## COLLECTED MATERIAL
Segment Open
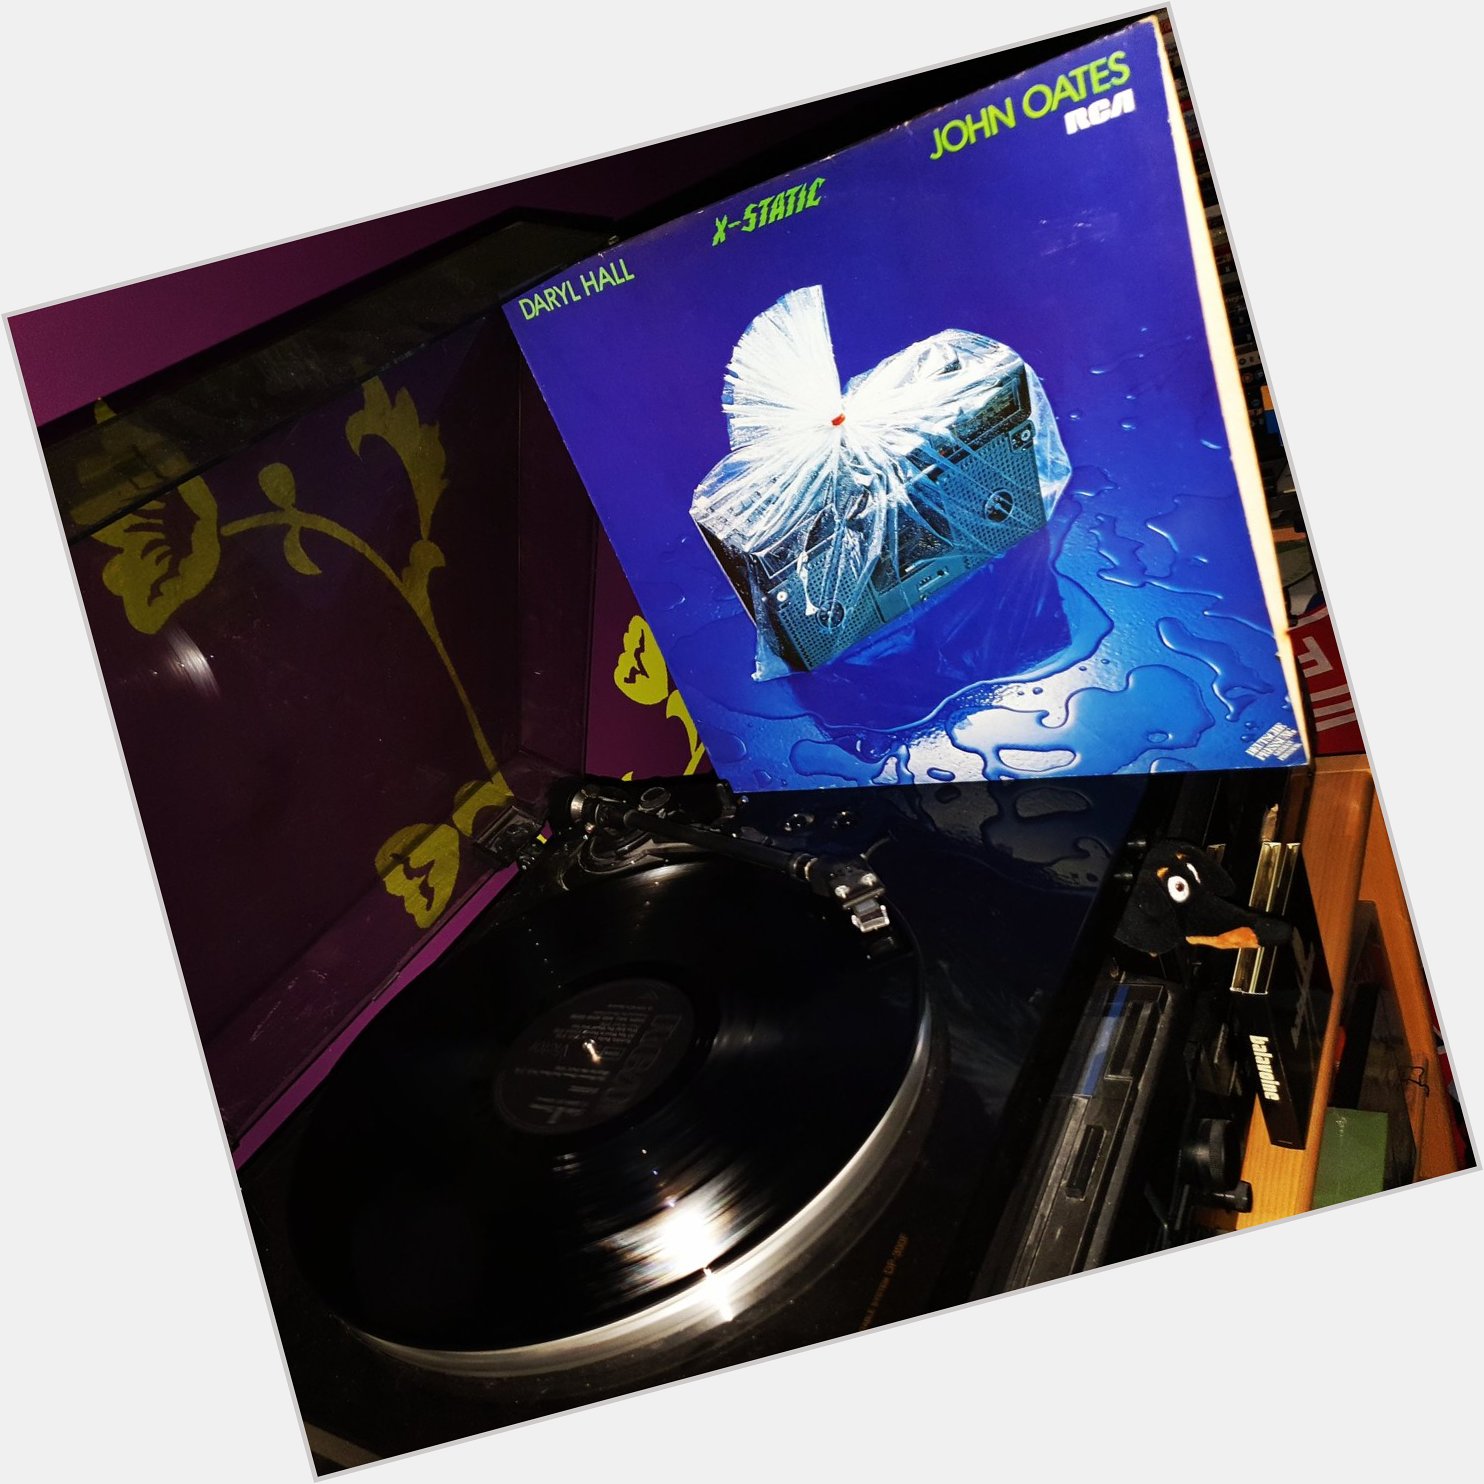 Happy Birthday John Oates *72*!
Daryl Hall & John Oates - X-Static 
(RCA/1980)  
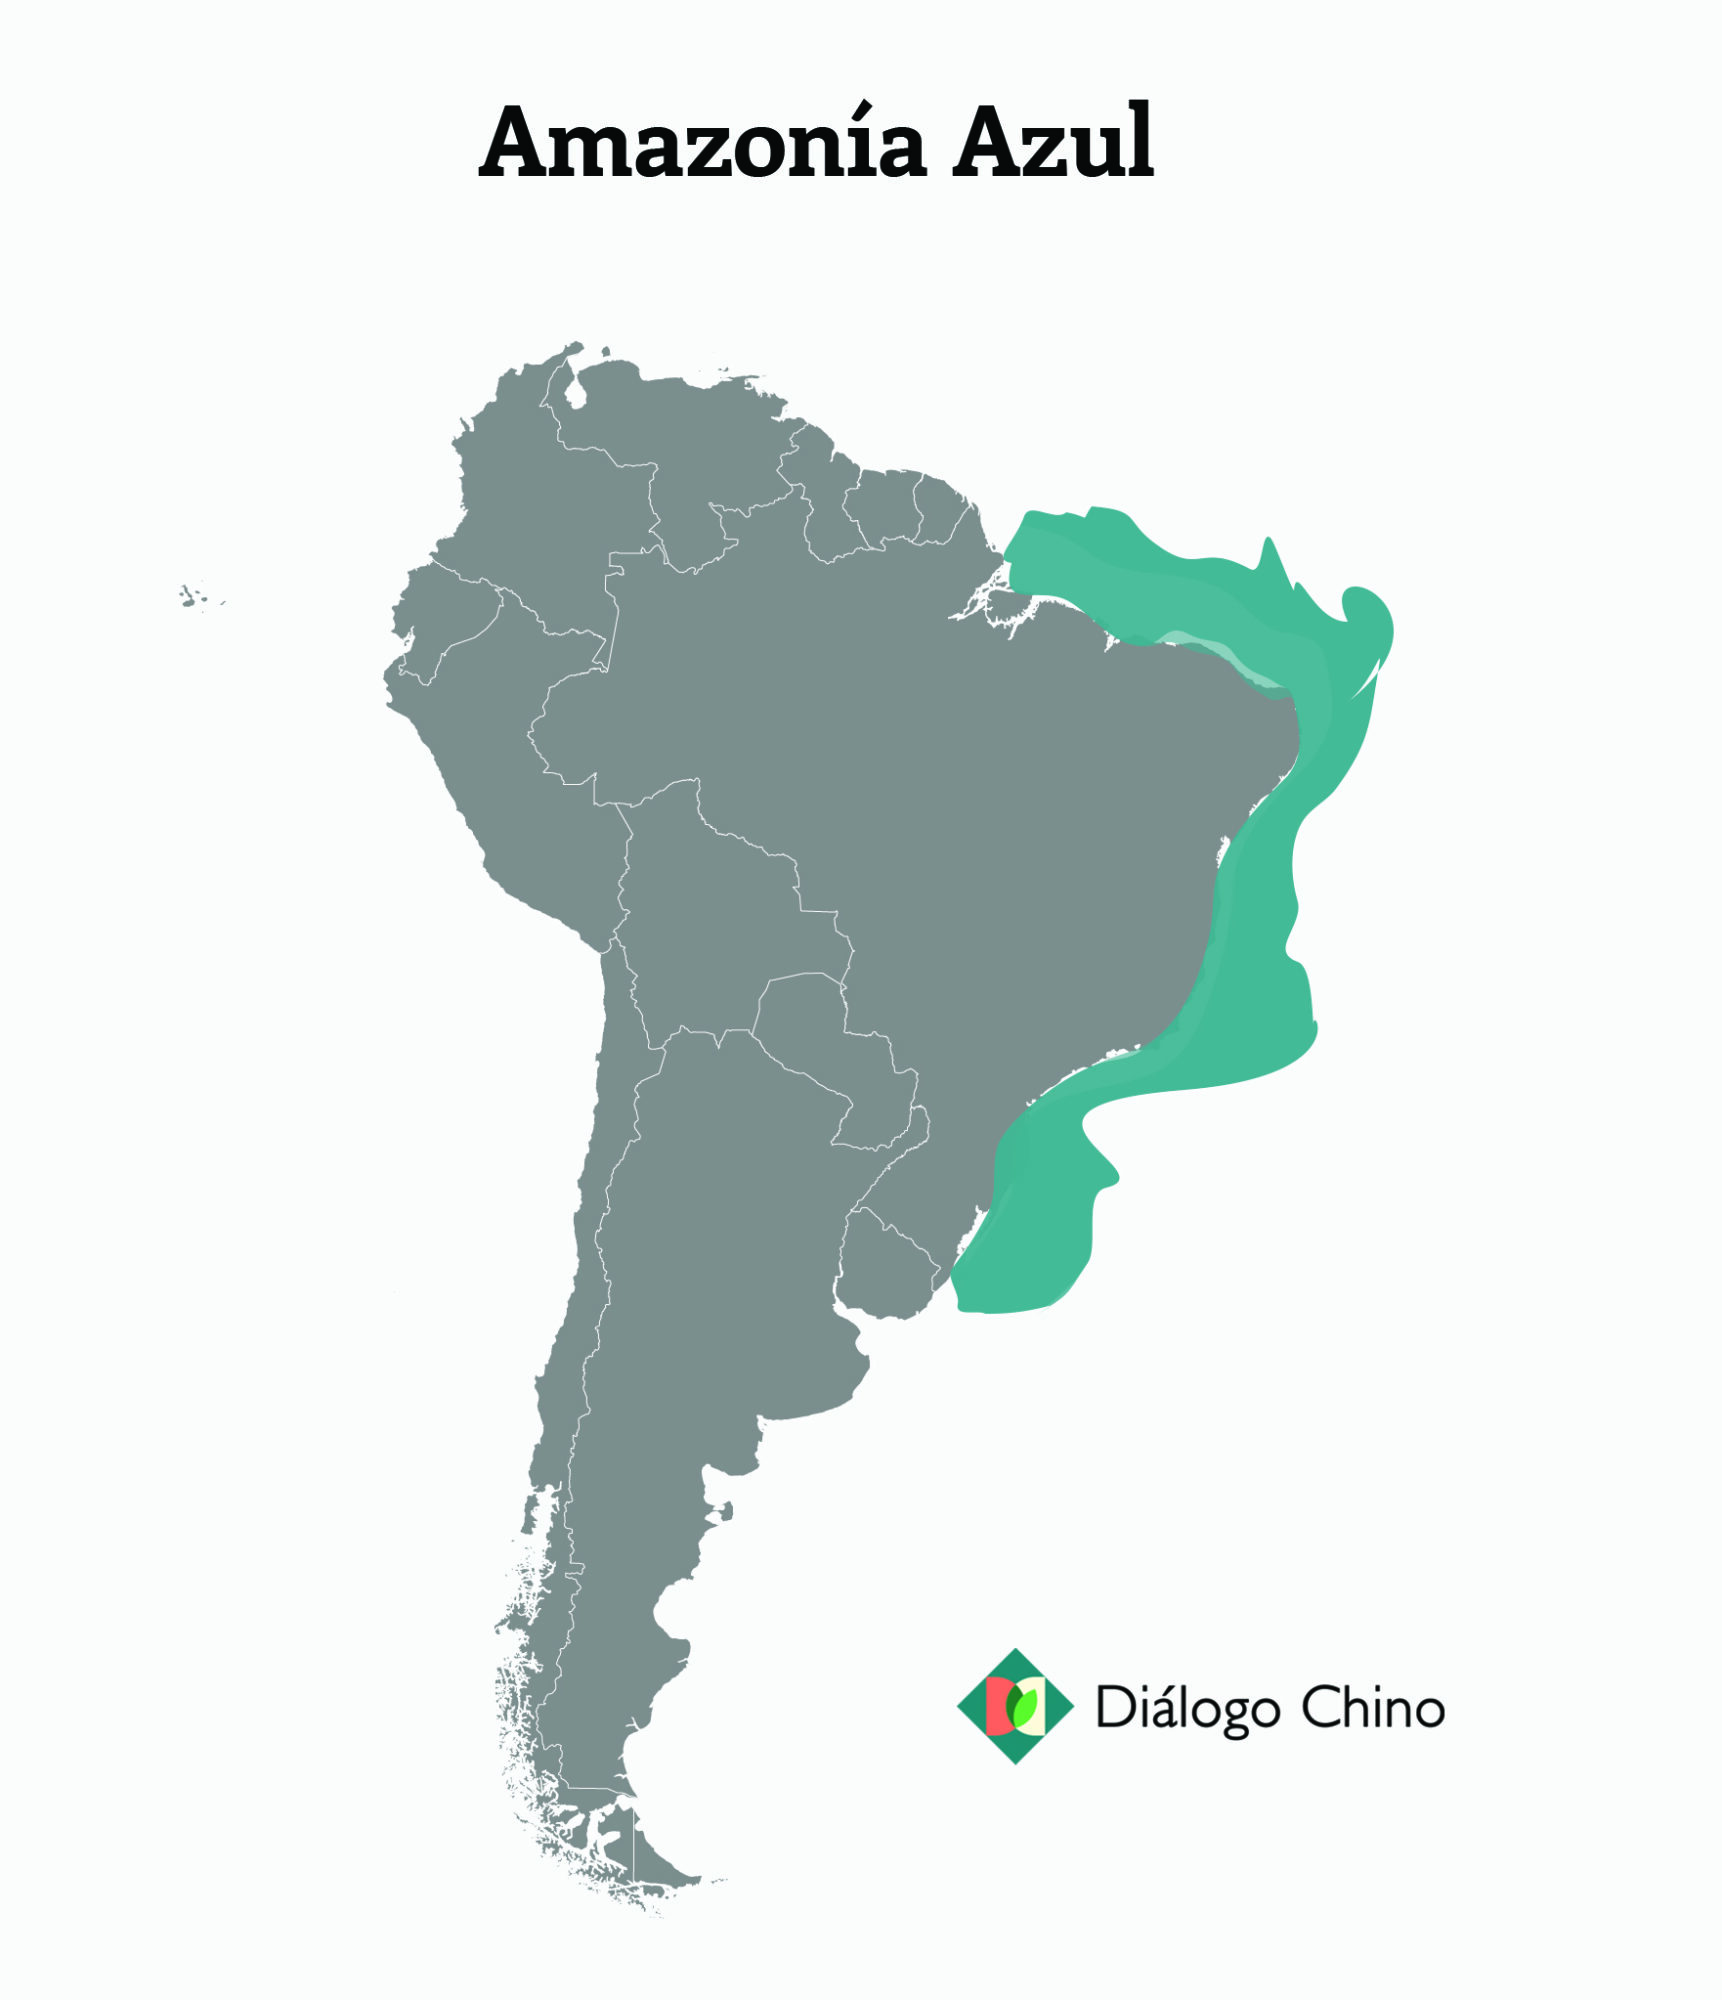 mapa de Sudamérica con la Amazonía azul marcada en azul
Segment Closed
## PROBLEM
The whole of the data needs to be copied word for word, though not its pictures.

## ANSWER TO THIS EXERCISE
 Happy Birthday John Oates *72*!
Daryl Hall & John Oates - X-Static 
(RCA/1980)  
 mapa de Sudamérica con la Amazonía azul marcada en azul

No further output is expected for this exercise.